• Collected material
──────

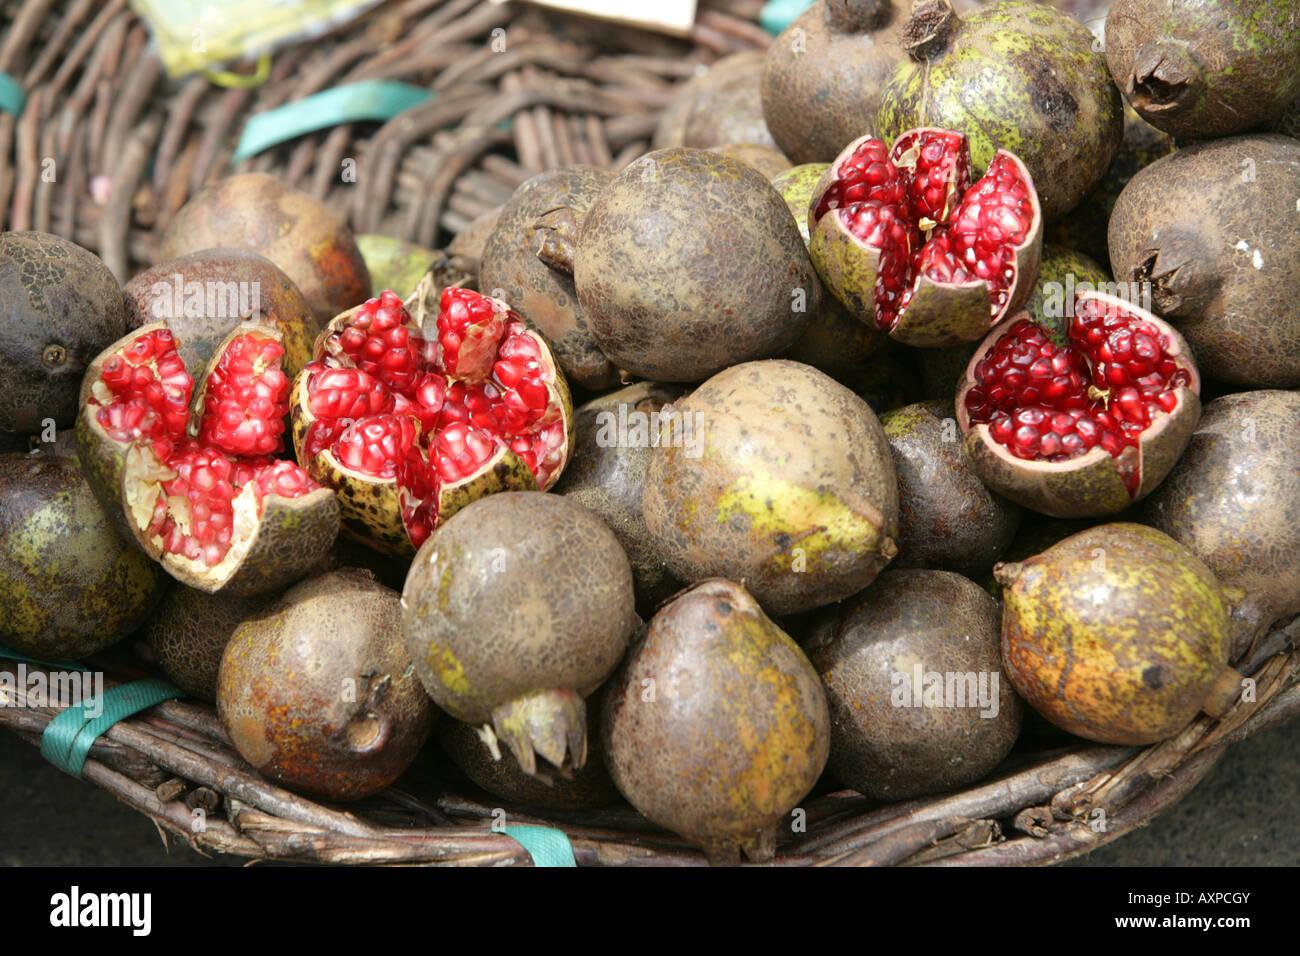 IND India Kerala Trivandrum Vegetable and fruit market ...Kerala Vegetable Market
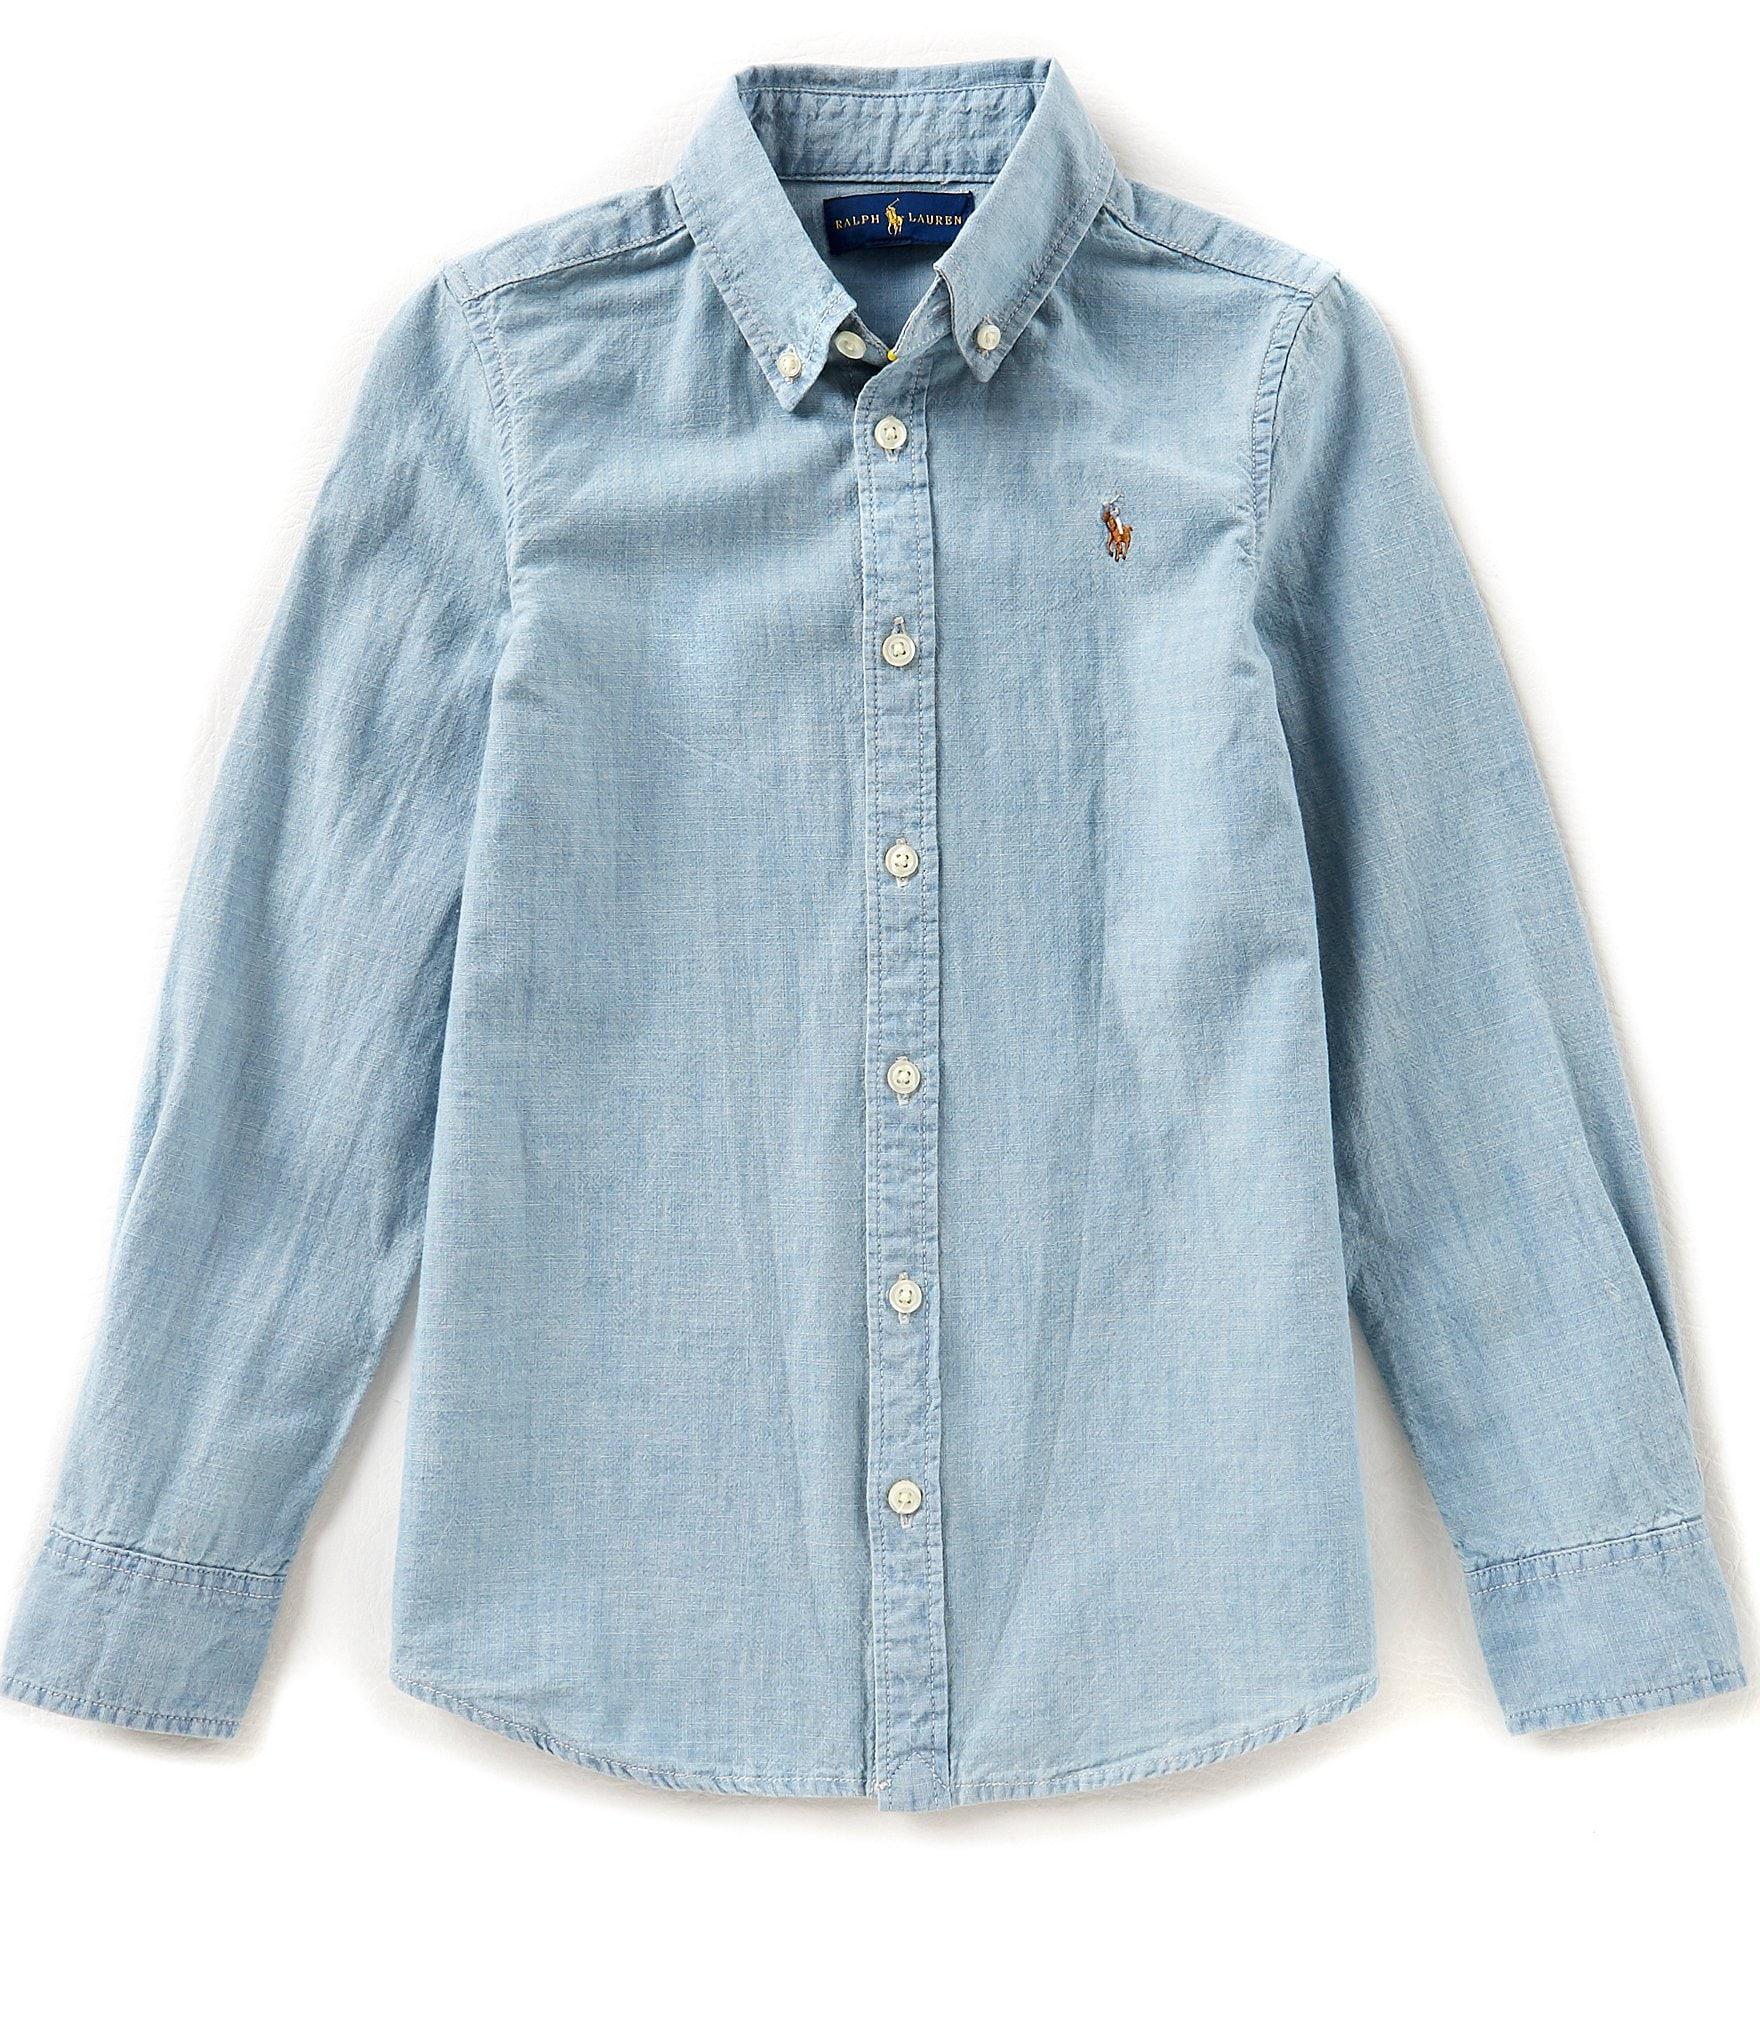 Ralph lauren childrenswear big girls 7 16 long sleeve for Chambray shirt for kids
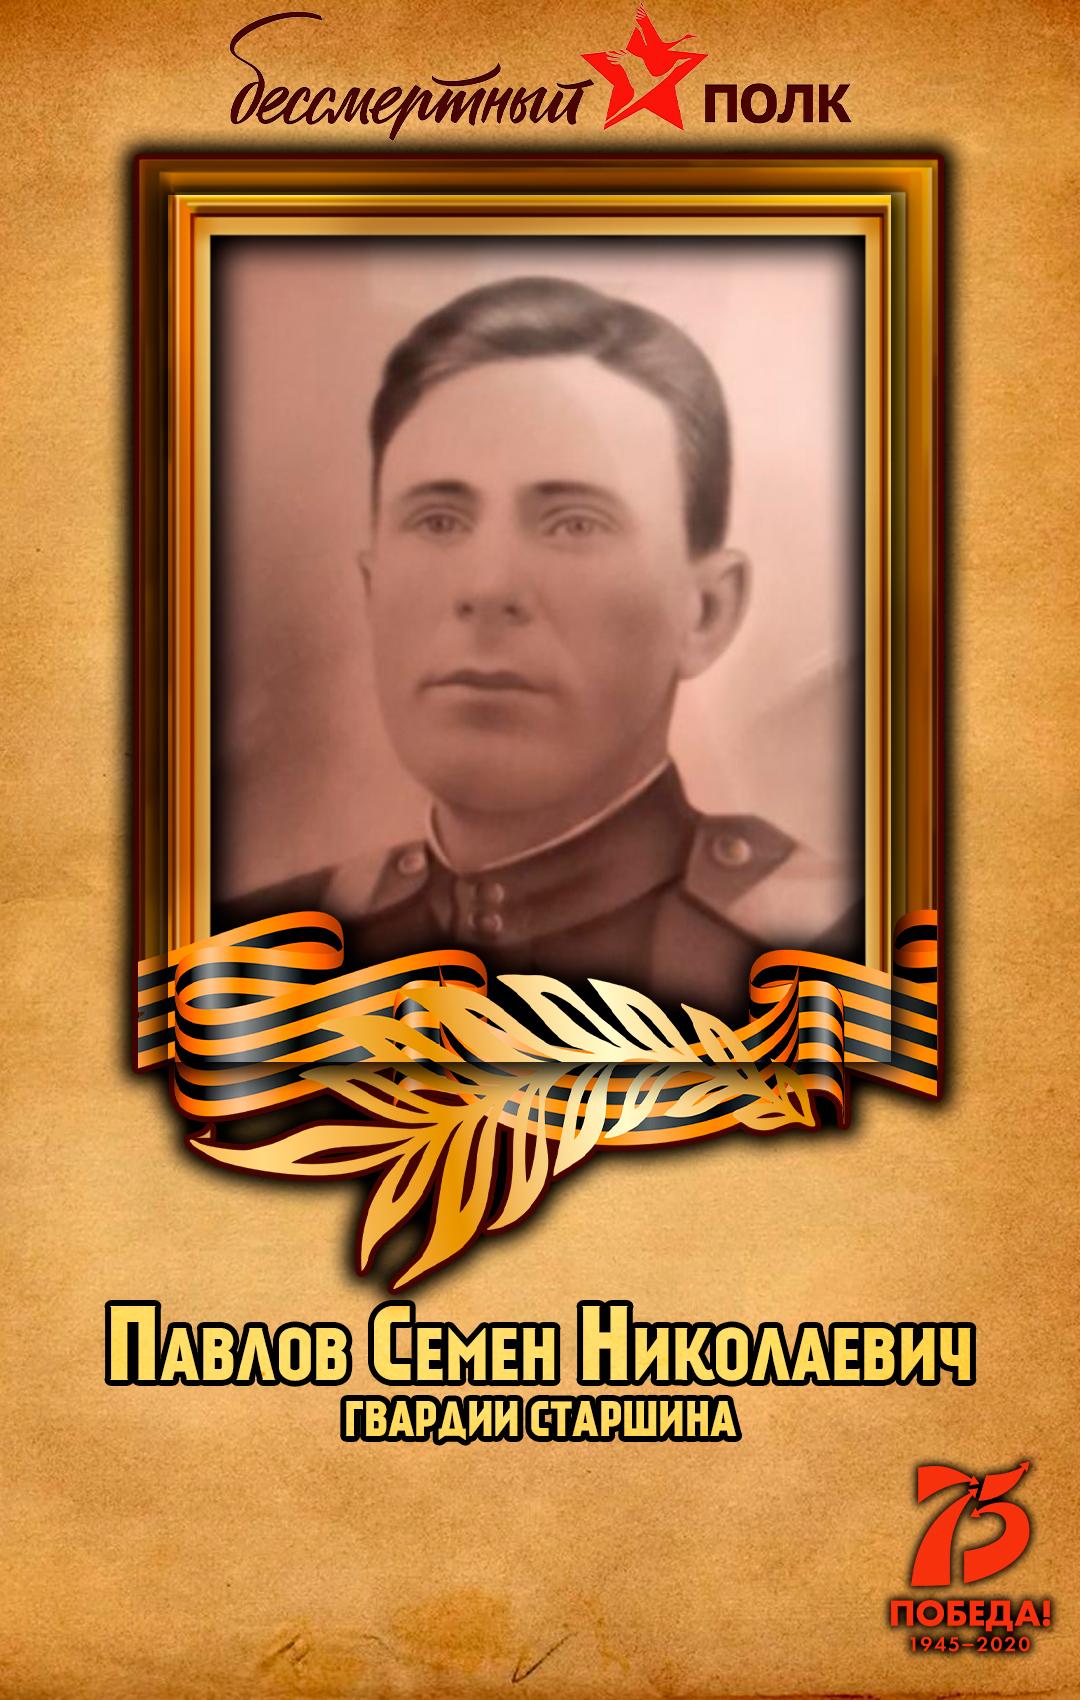 Павлов-Семен-Николаевич
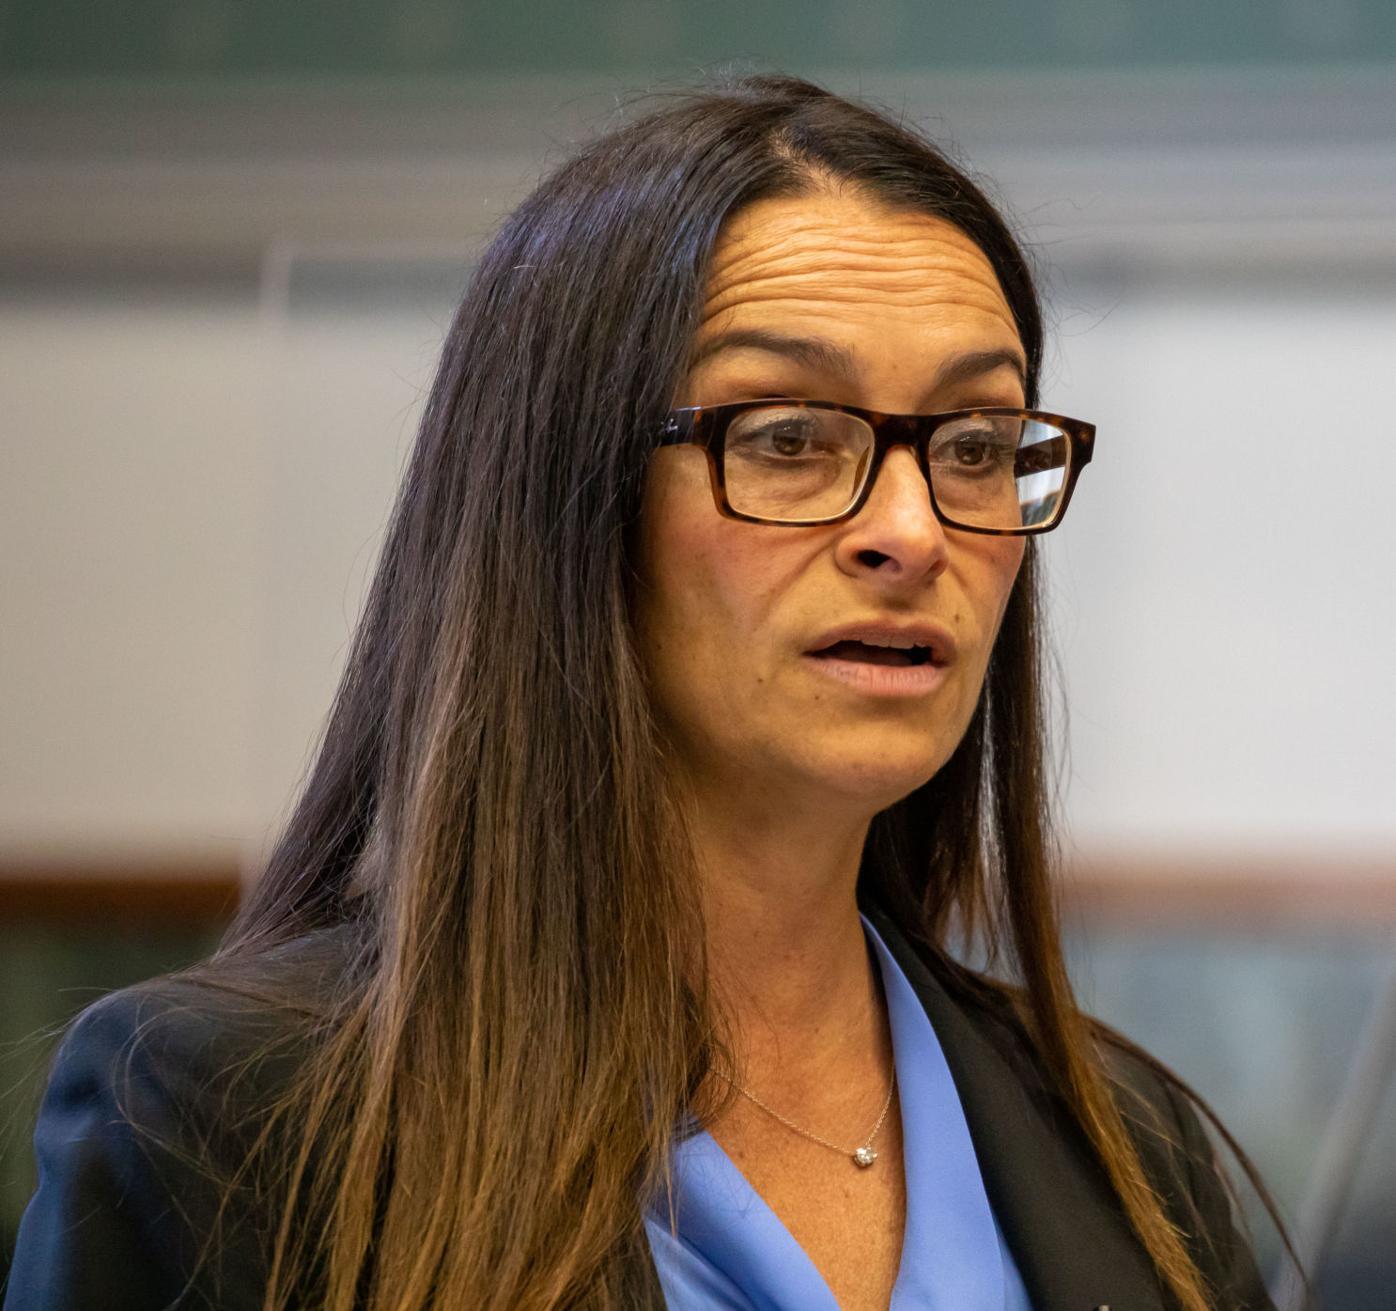 Gina Renzelli

──────

• Your assignment
The response has to be an exact copy of all the data, pictures excluded.

• Reply
 IND India Kerala Trivandrum Vegetable and fruit market ...Kerala Vegetable Market
 Ralph lauren childrenswear big girls 7 16 long sleeve for Chambray shirt for kids
 Павлов-Семен-Николаевич
 Gina Renzelli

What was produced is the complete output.